Senate debates
Tuesday, 28 October 2014
Bills
Counter-Terrorism Legislation Amendment (Foreign Fighters) Bill 2014; In Committee
8:52 pm
George Brandis (Queensland, Liberal Party, Attorney-General) Share this | Hansard source
They will only be used where appropriate. Because of the way in which these powers have been expressed in the act—and this is a continuation, with some refinements, of course, of powers that were first legislated in 2005—it is obvious, to anyone who is capable of reading the act, the way in which the capacity to obtain a control order or a preventive detention order, the tests that must be satisfied, the caveats and the red lines, as it were, in the legislation which prevent the obtaining of orders of this kind except in very unusual circumstances, are actually written into the law. So this is not a matter of executive discretion, Senator Wright. You have read the relevant provisions of the Commonwealth Criminal Code, I am sure, so you would have seen for yourself how many safeguards are built in, how high the thresholds are, how limited the circumstances are in which orders of this kind are obtained, how rigorous the accountability mechanisms are—in particular, the need to go back to the issuing officer in a very short span of time—and the limitations on the renewal of orders of this kind, and so forth. I suppose, therefore, the immediate answer to your question is: it is there for you to see in the act for yourself.
However, let me take the opportunity of your question, Senator Wright, to remind you, or to acquaint you with the fact that the government has taken an enormous amount of time and effort to meet with community groups most immediately affected. These groups are not directed at any particular community; they are laws of general application.

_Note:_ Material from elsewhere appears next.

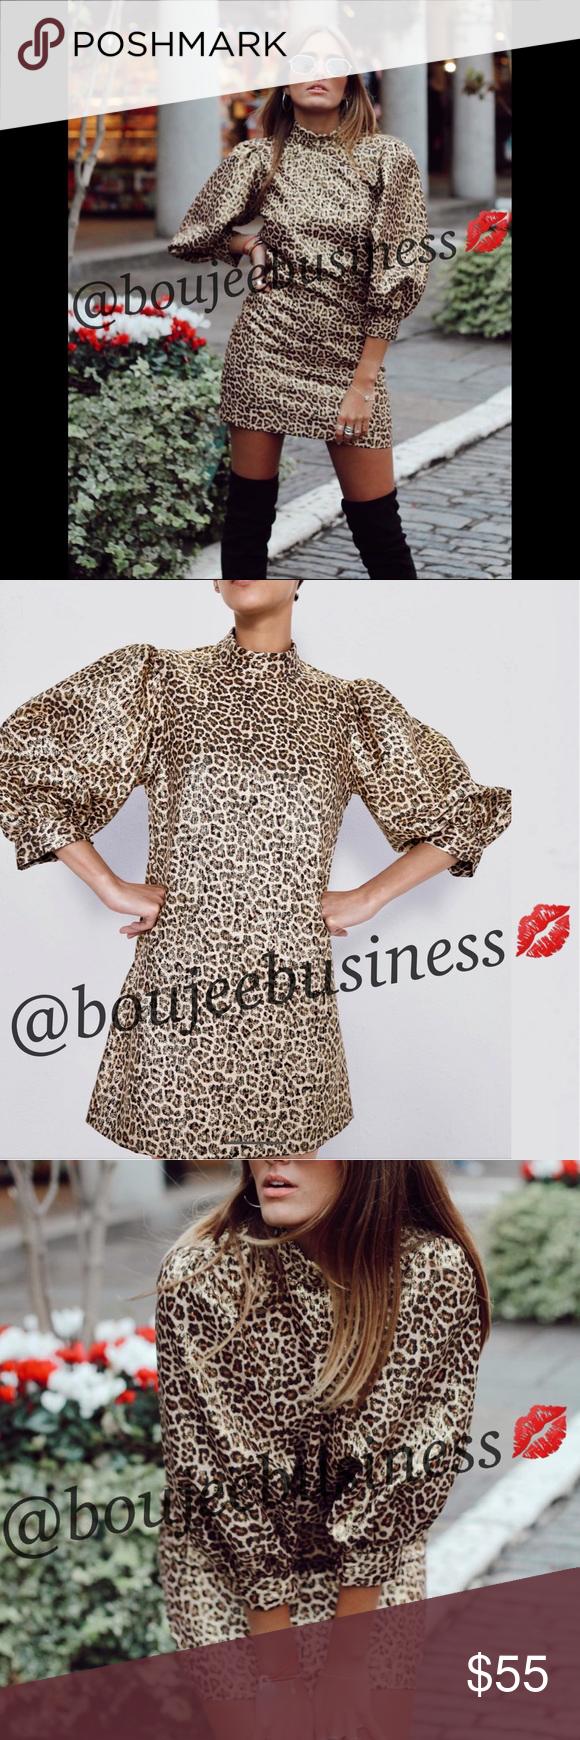 L 1970s 1980s Black and Leopard Print Long Sleeve Winter Dress

But it is a sad fact, as we all know, that at the moment the threat of foreign fighters is inspired by those young men and women who are ensnared by ISIL and Jabhat al-Nusra and other organisations, and that, in the name of the Islamic faith—although it is a claim that the mainstream of practitioners of the Islamic faith, of course, utterly reject—are encouraged to go to Iraq and Syria to fight in wars being conducted by ISIL. ISIL is a barbaric death cult which is at war with a Muslim nation—the nation of Iraq.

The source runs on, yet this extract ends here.